By the time the Cubs and Yankees had finished playing an 18-inning game that night, 365 minutes had elapsed. That would be a lot of Lesley Stahl. It was way too much baseball and way, way, way too many strikeouts.

The CBS show ran its ode to the 2016 World Series champions, giving deserving nods to president Theo Epstein, manager Joe Maddon and the boys. That season seemed like a long time ago. Then again, so did Saturday by the time the game Sunday was over.

And maybe that’s the lesson — the very long lesson — of the 5-4 loss. The 2016 season is finally, officially history. The Yankees’ three-game sweep at Wrigley Field is a reminder that this season isn’t going to be one of those high-end boat cruises along the Danube. There are good teams out there, and they don’t care that the Cubs are the defending champions. Or if they do care, it’s only because the Cubs are in the way of what they want.

The Yankees celebrate their 18-inning victory over the Cubs on Sunday night/Monday morning.(Photo by David Banks/Getty Images)

It’s time to stop celebrating. Wait, what? The Cubs hadn’t won a World Series in 108 years, and now you’re telling us to forget about it? No, I’m telling you that it’s time to get down to business and that luxuriating in a bubble bath of 2016 memories isn’t going to accomplish much.

It’s always risky to rely on championship muscle memory. What happened one season doesn’t always carry over to the next. That’s why all the talk of a Cubs dynasty is just talk until it happens — until the Cubs go out and make it happen.

The 1984 Tigers were supposed to be the beginning of a dynasty, then they weren’t, finishing 84-77 the next season.

The 1985 Bears were supposed to be the beginning of a dynasty until they collapsed under the weight of injuries and endorsement opportunities.

The Cubs don’t need a wakeup call. They’re big boys. As a group, they don’t strike me as a bunch of guys reveling in their celebrity. But they’re certainly not playing up to the standards they set last season.

The pitching, which hardly experienced a glitch last season, has been shaky. The starters’ well-documented difficulties in the first inning continued Sunday, with Jon Lester giving up a run at the start of the game. Kyle Hendricks (3.51 ERA), Jake Arrieta (4.63) and John Lackey (5.14) have looked mortal.
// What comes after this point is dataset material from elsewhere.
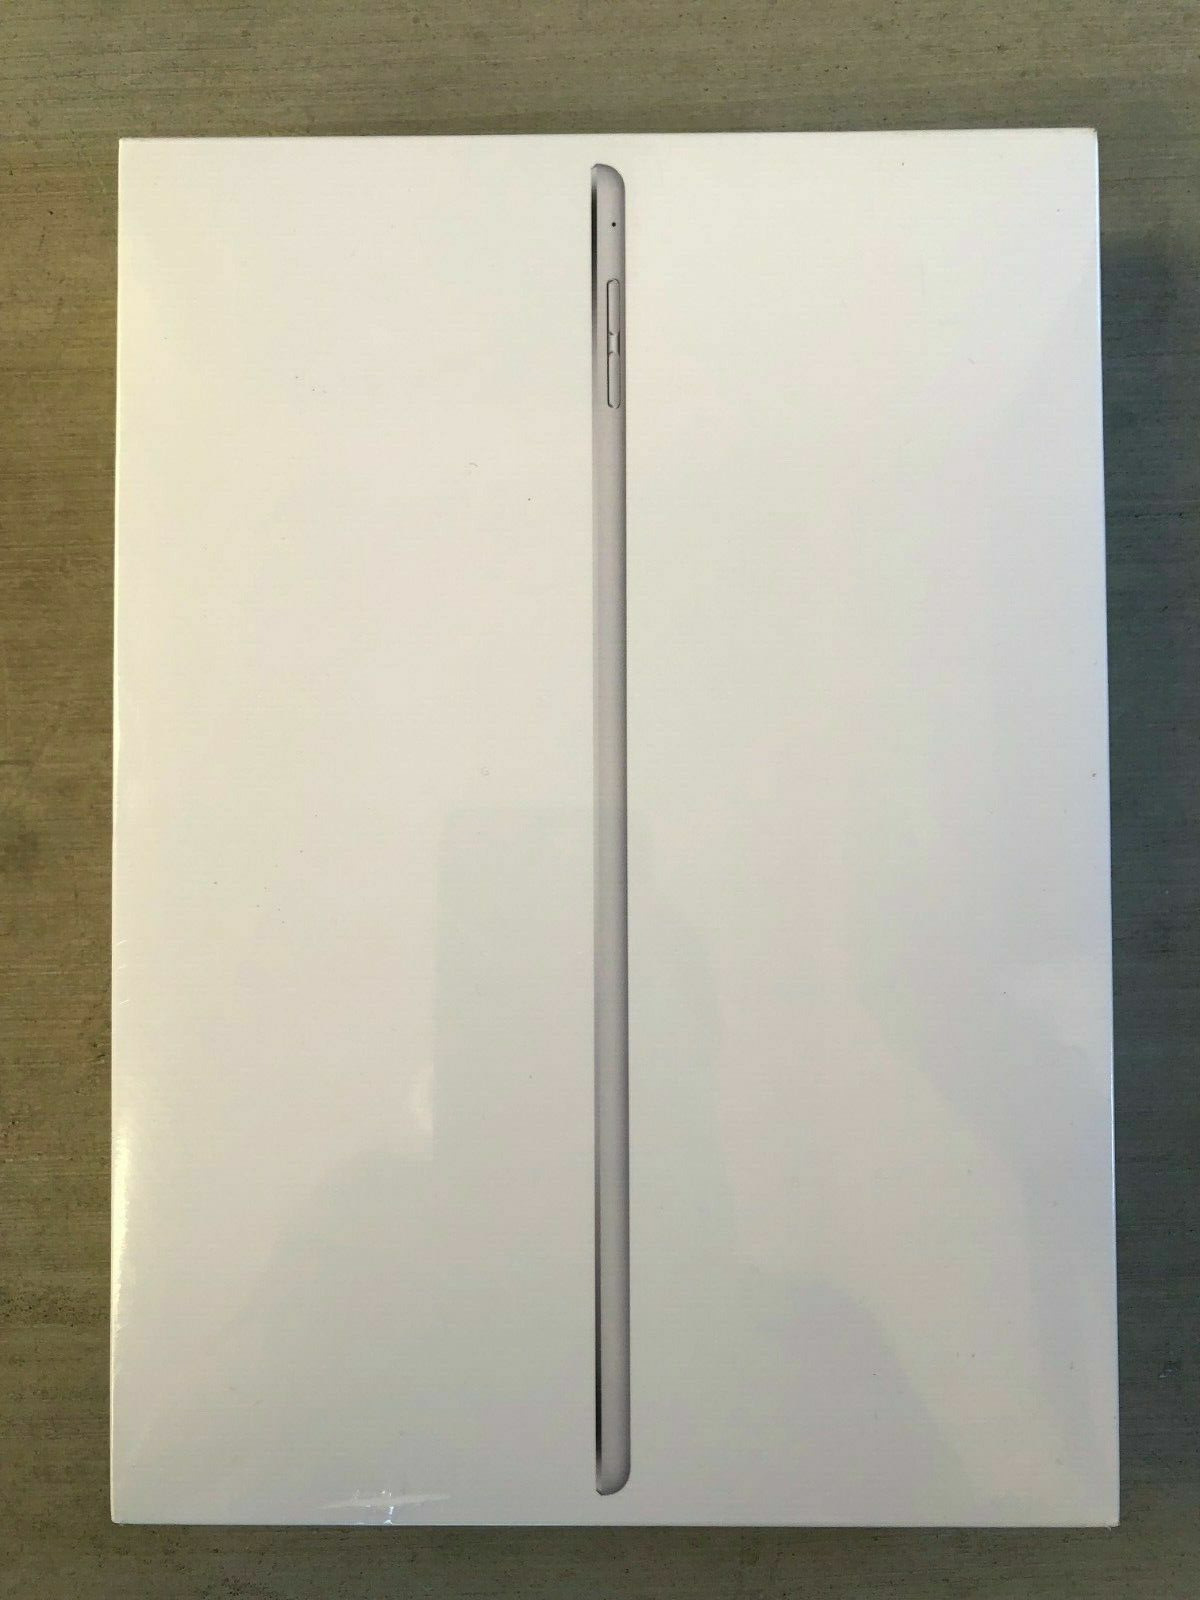 New sealed Apple iPad mini 2 32GB Wi-Fi Silver ME280LL/A A1489 iOS 9

I don’t sense that many people are panicking about the Cubs’ 16-15 start. But if you are, it’s worth remembering that they did go through a long stretch last season when they didn’t look like championship material. They went 16-12 in June and 12-14 in July — and ended up winning 103 games.

That might soothe the savage beast, but it doesn’t change what’s going on early this season. The Cubs were striking out a lot even before they whiffed a jaw-dropping 26 times Sunday. They’ve struck out the sixth-most times (283) in the majors. Strikeouts aren’t supposed to matter as much anymore, but when you don’t put the bat on the ball that many times, it deprives the ball of the opportunity to bounce in funny ways.
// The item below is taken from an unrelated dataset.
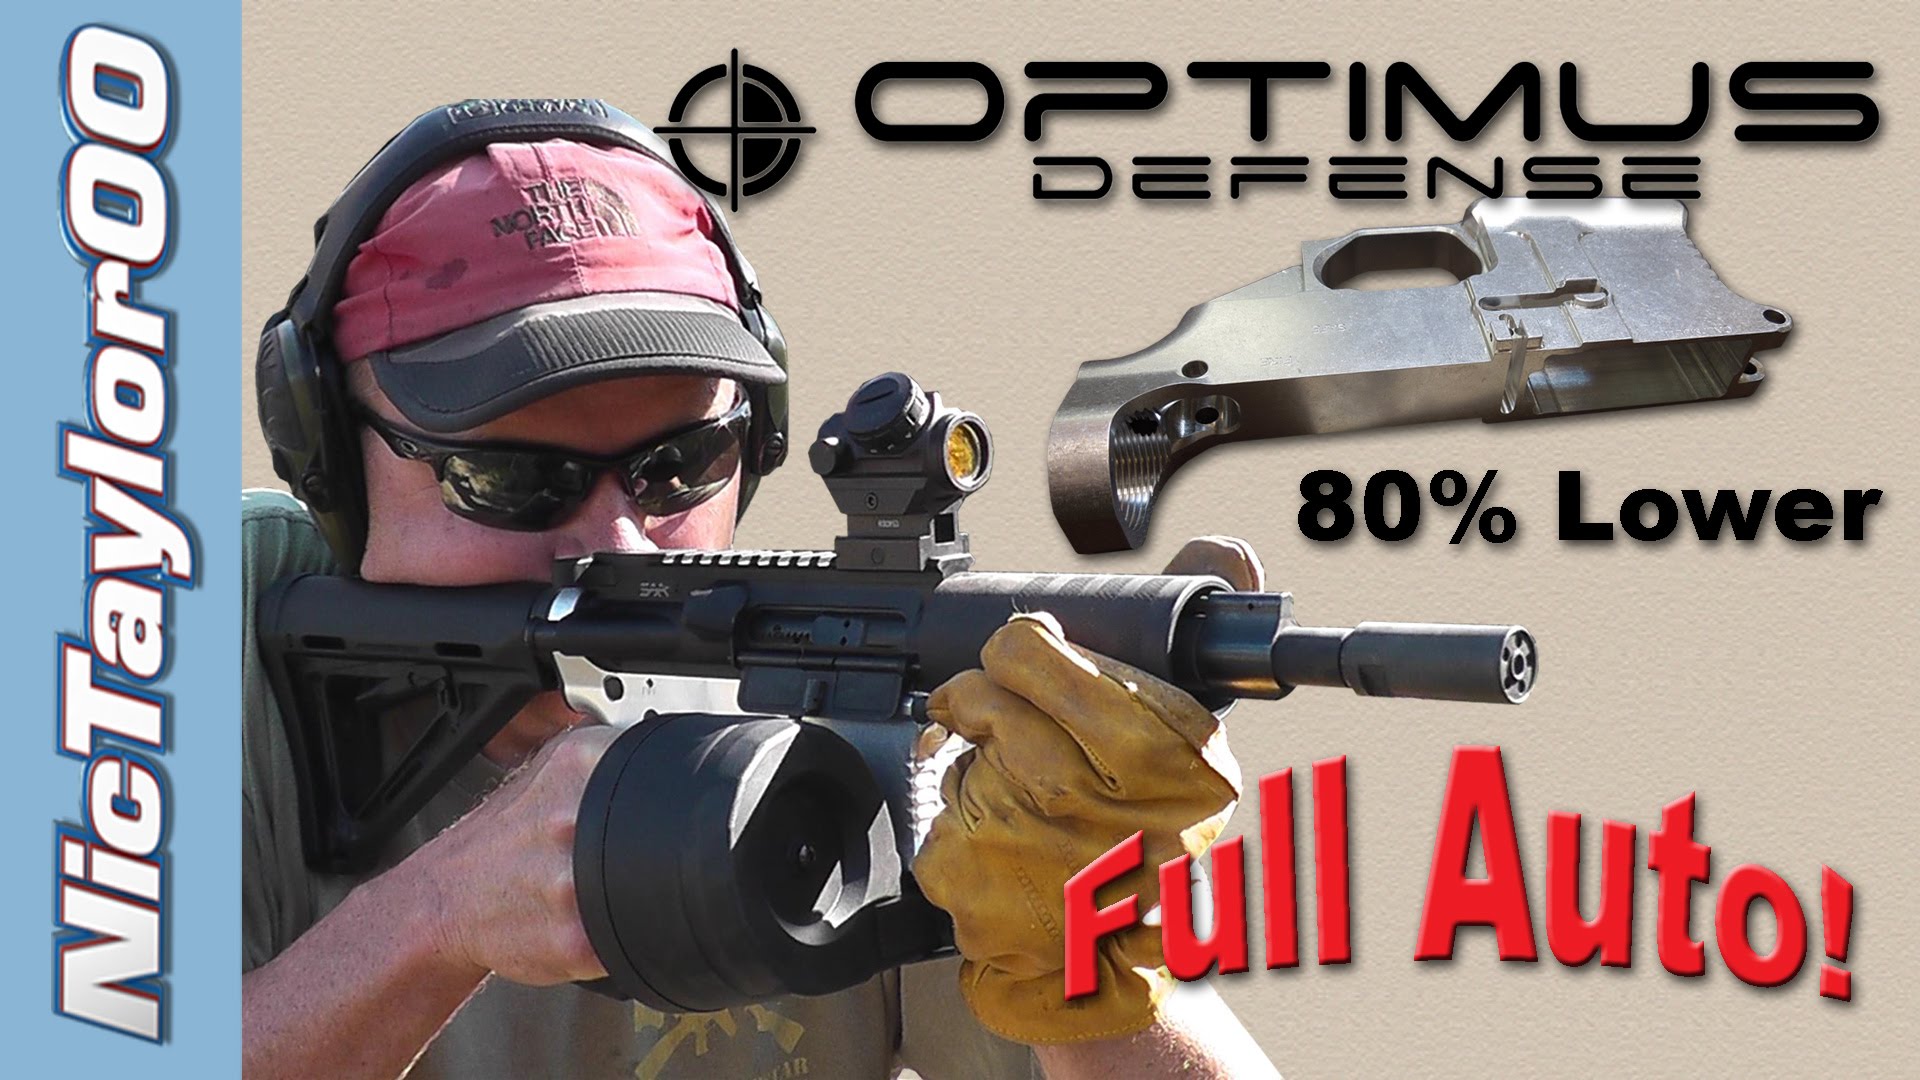 Full Auto 80% Lower - Optimus Defense Billet Review.

Maddon must have been cranky by the time the game ended at 1:15 a.m. Monday. He actually criticized something about the Cubs.

‘‘I know they’re good, [the Yankees’] pitchers, but we have to do better than that at the plate,’’ he said.

It will be interesting to see how Maddon proceeds if the early-season trend becomes entrenched. Will he continue to be Joe Cool, saying everything is fine, his right hand calmly on the tiller? Or will he decide this team needs some pointed advice? My guess is that he won’t change, that even if the ship is going down, he’ll say, ‘‘What a lovely day for a swim!’’

But that’s painting a dark picture, and it’s too early for that. The guys who aren’t hitting as well as they’re capable of — Kyle Schwarber, Addison Russell, Ben Zobrist and Anthony Rizzo — eventually will. Right?

Nobody wants to be the guy preaching doom and gloom about a championship team playing .500 ball a little more than a month into the season. It’s true that seasons can be lost in April and May, but it’s not as though anyone is running away with the National League Central right now.

We very well might see the Cubs and Yankees in the World Series in October. But one of those teams is going to have to pick up its game if it wants to get there. Can you guess which one?